The Reserve Bank of Australia (RBA) has previously indicated that wages growth of about 3 per cent is a key target for lifting rates alongside inflation remaining sustainably between 2 and 3 per cent.

The central bank does not currently expect that the wage price index will reach 3 per cent until June next year, with rises to 2.5 per cent in June and 2.75 per cent in December this year.

“For the RBA, today's figures support the view that it may take some time to lift wages growth such that the 'norm' becomes a wage rise of 3-4 per cent, rather than the 2 per cent of recent years. And that just because the unemployment rate is approaching 4.0 per cent, does not necessarily guarantee that wages growth will pick up strongly,” said HSBC chief economist Paul Bloxham.

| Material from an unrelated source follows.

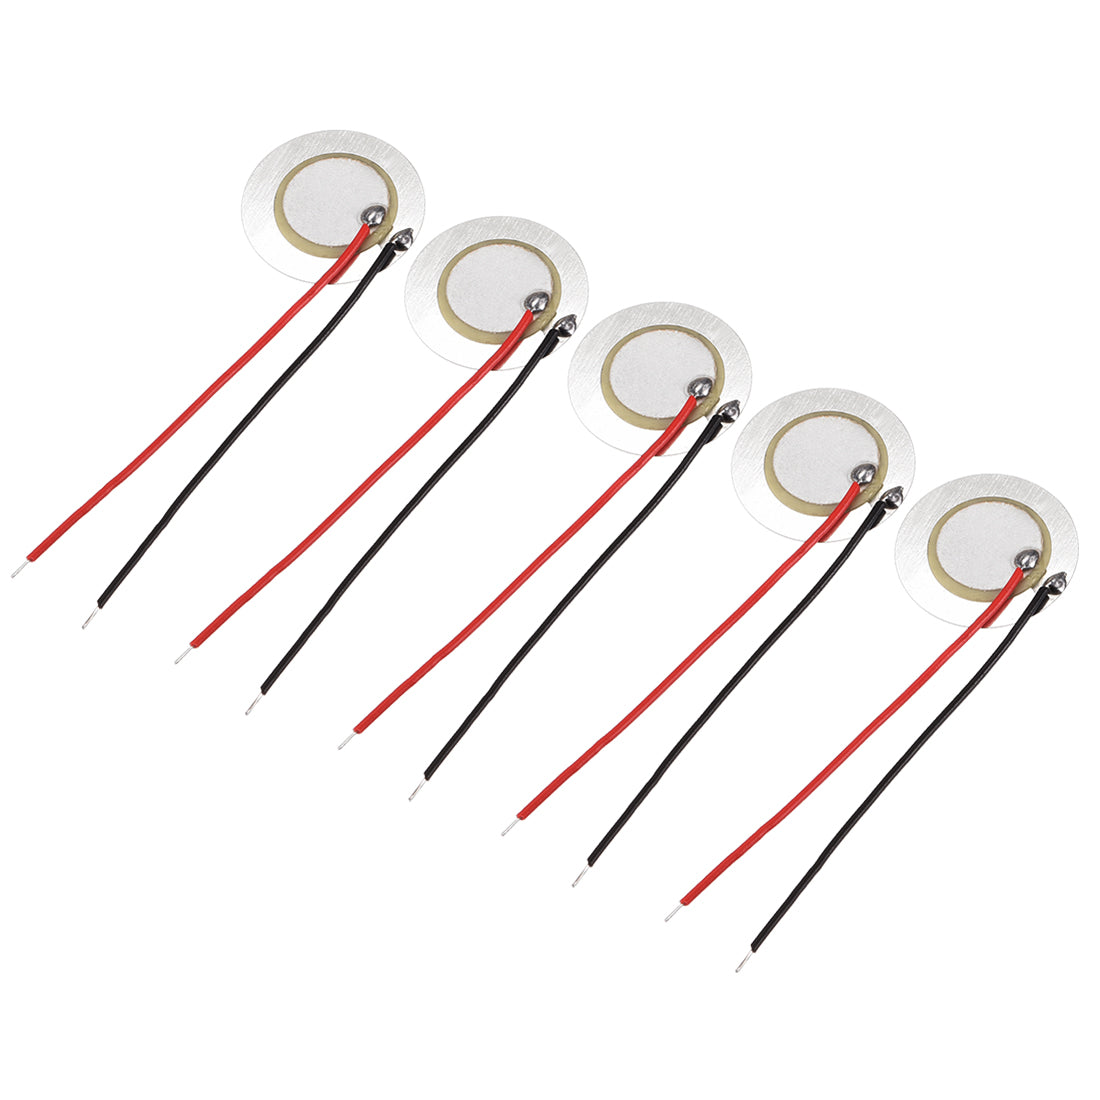 uxcell Uxcell 5 Pcs Piezo Discs 20mm Acoustic Pickup Transducer Prewired Microphone Trigger Drum CBG Guitar

“The RBA is seeking to run the economy hot for a while to try to reset these wage settings norms.”

VanEck head of investments and capital markets Russel Chesler predicted that wage costs could rise above 3 per cent per annum later this year due to the tightness of the labour market.

“We are seeing severe labour shortages emerge across industries and around the nation and this will worsen as the year unfolds,” he said.

“Economic growth will likely pick up pace as the economic effects of the pandemic lessen and business confidence increases, prompting employers to boost staff numbers, which would add to an already tight labour market.”

Mr Chesler predicted that increased demand for pay increases from workers could push inflation over 4 per cent this quarter and potentially lead to the RBA lifting rates in May.

VanEck has forecasted interest rates will rise to between 1 and 1.25 per cent by the end of the year while HSBC is expecting rates to begin rising in the third quarter.